In practice, supervised machine learning problems are often limited by the number of labeled examples that are available from which the algorithm can learn. Usually, the more examples available, the higher the likelihood that a supervised technique will be successful.

There are two main categories of supervised learning techniques: classification and regression.


Classification models predict a class label, such as whether a customer will return or not, whether a certain transaction represents fraud or not, or whether a certain image is a car or not. Classification approaches are useful for business problems that have large amounts of historical data, including labels, that specify if something is in one group or another.

Classification algorithms map inputs (X) to outputs (Y) where Y∈{1, … , C} with C being the number of classes.
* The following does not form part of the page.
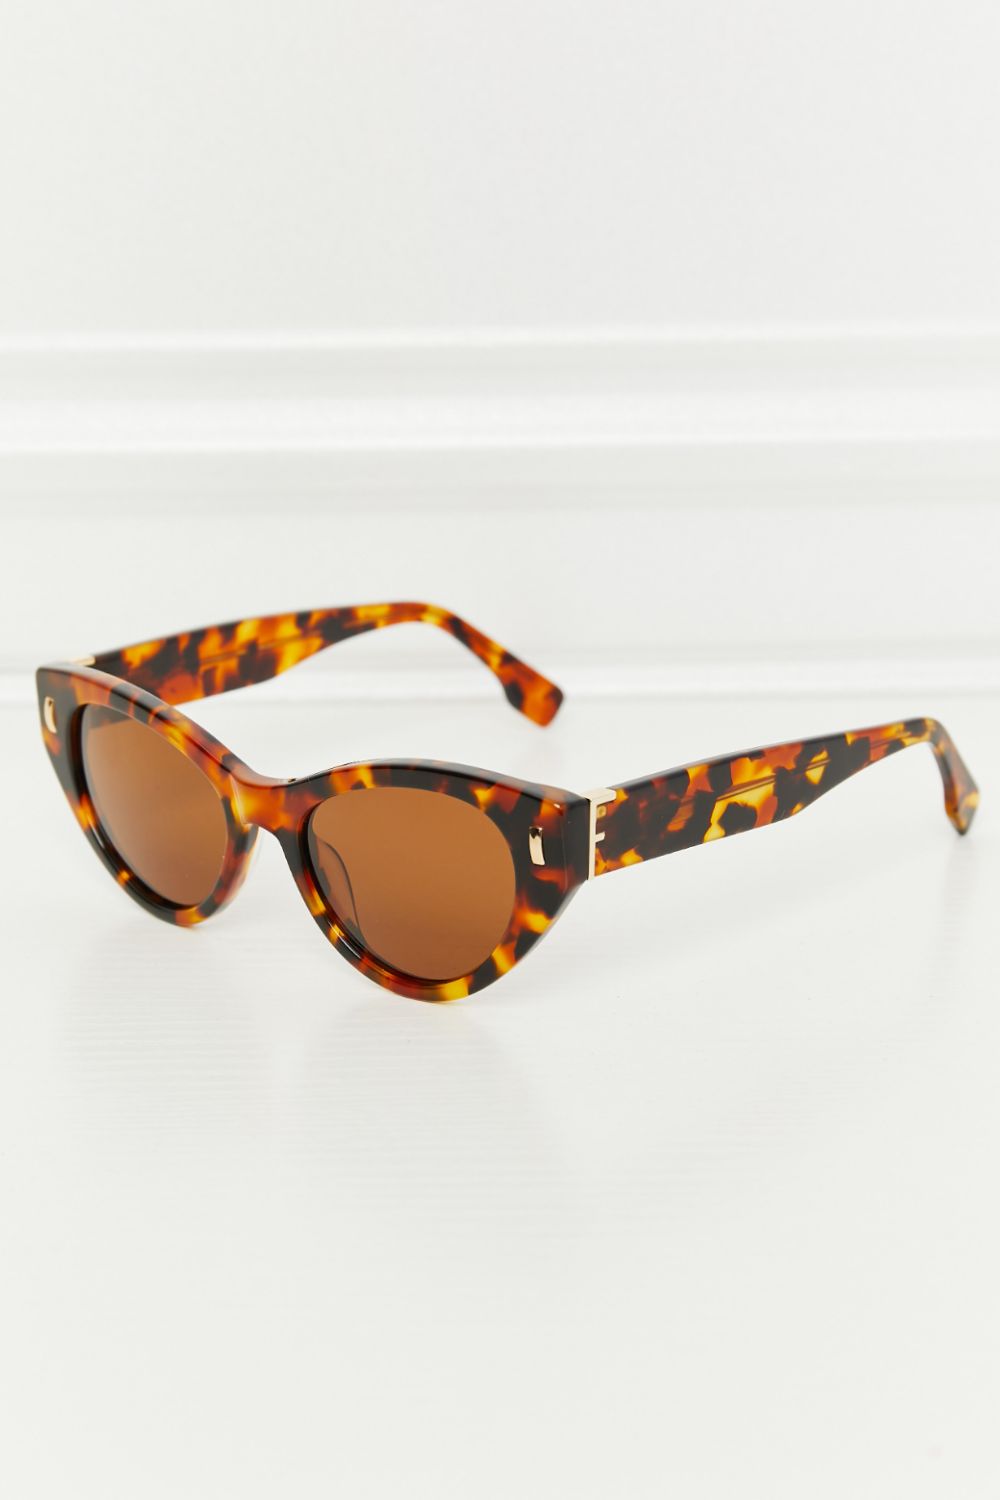 Beige Tortoiseshell Acetate Frame Sunglasses Sentient Beauty Fashions Apparel & Accessories
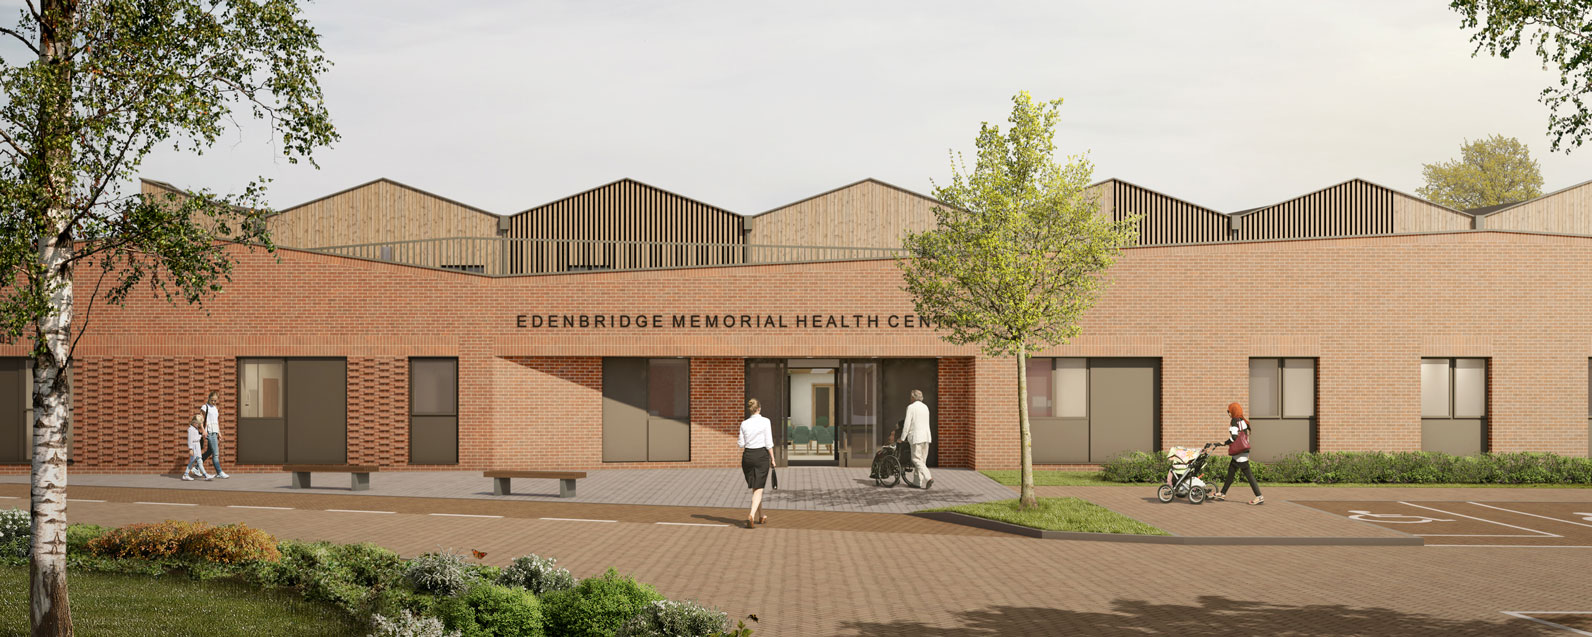 LSI-Architects-Edenbridge-Memorial-Health-Centre

If C = 2, this is called binary classification, and if C > 2, this is called multiclass classification.

An example of a classification task is predicting when an equipment or a machine is likely to fail. This predictive maintenance task is a common problem faced by manufacturing and operations-focused companies. Predictive maintenance can help avoid failure events that may be expensive or potentially dangerous.

If sufficient historical failure examples are available, as well as other relevant input data (e.g., sensor data, technician notes), a supervised machine learning classifier can be trained to predict if equipment will be operating in the failed or not-failed class in the future. In supervised classification problems, training examples are often referred to as labels. The following figure shows an example of failure labels and classifier predictions.

Examples of input signals and output data infographic

Figure 6 Time-series representation of a classifier label (“failed” or “not failed”) that can be used to train a predictive maintenance machine learning model using classification.

Examples of supervised classifier models include support vector machines (SVM), XGBoost, gradient-boosted decision trees (GBDT), random forest, and neural networks.


Regression models predict quantities, such as how many customers are likely to churn or the sales forecast over the next week. Regression techniques are useful for business problems that have large historical datasets that correlate to numeric labels, including such things as sales, inventory, or loan value.

Reconsider the predictive maintenance example we explored with a classifier model, but this time we want to predict equipment failure using a regression model. Instead of predicting a categorical label like “failed” or “not failed” (as with the classifier model), a regression model can be trained to predict a continuous value, such as time to failure, as shown in the Figure 7.

Training a regression algorithm is similar to training a classifier. The feature matrix is comprised of input signals such as sensor data and work orders. The regression model also requires labels, but instead of a binary (1 or 0) indicator of class (“failed” or “not failed”), the label is numeric (time to failure).


Figure 7 Time-series representation of a time-to-failure label that can be used to train a predictive maintenance machine learning model using regression.

Examples of supervised regression models include linear regressions that predict a linear relationship between input features and outputs, ridge regressions that are a more advanced variation of linear regression, random forests that predict nonlinear relationships between inputs and outputs using decision trees, and neural networks that predict nonlinear relationships between inputs and outputs using layers of complex nodes.

The following figure shows an example of a classification and regression technique. The left-hand side of the figure illustrates the result of a classification algorithm that estimates a decision boundary to separate two classes (the classes are represented with different symbols in the figure). The axes on the chart represent two input features. The right-hand side of the figure illustrates the result of a regression algorithm that predicts a quantity (shown on the y axis) as a function of a feature input (shown on the x axis).


Figure 8 Examples of classification and regression techniques.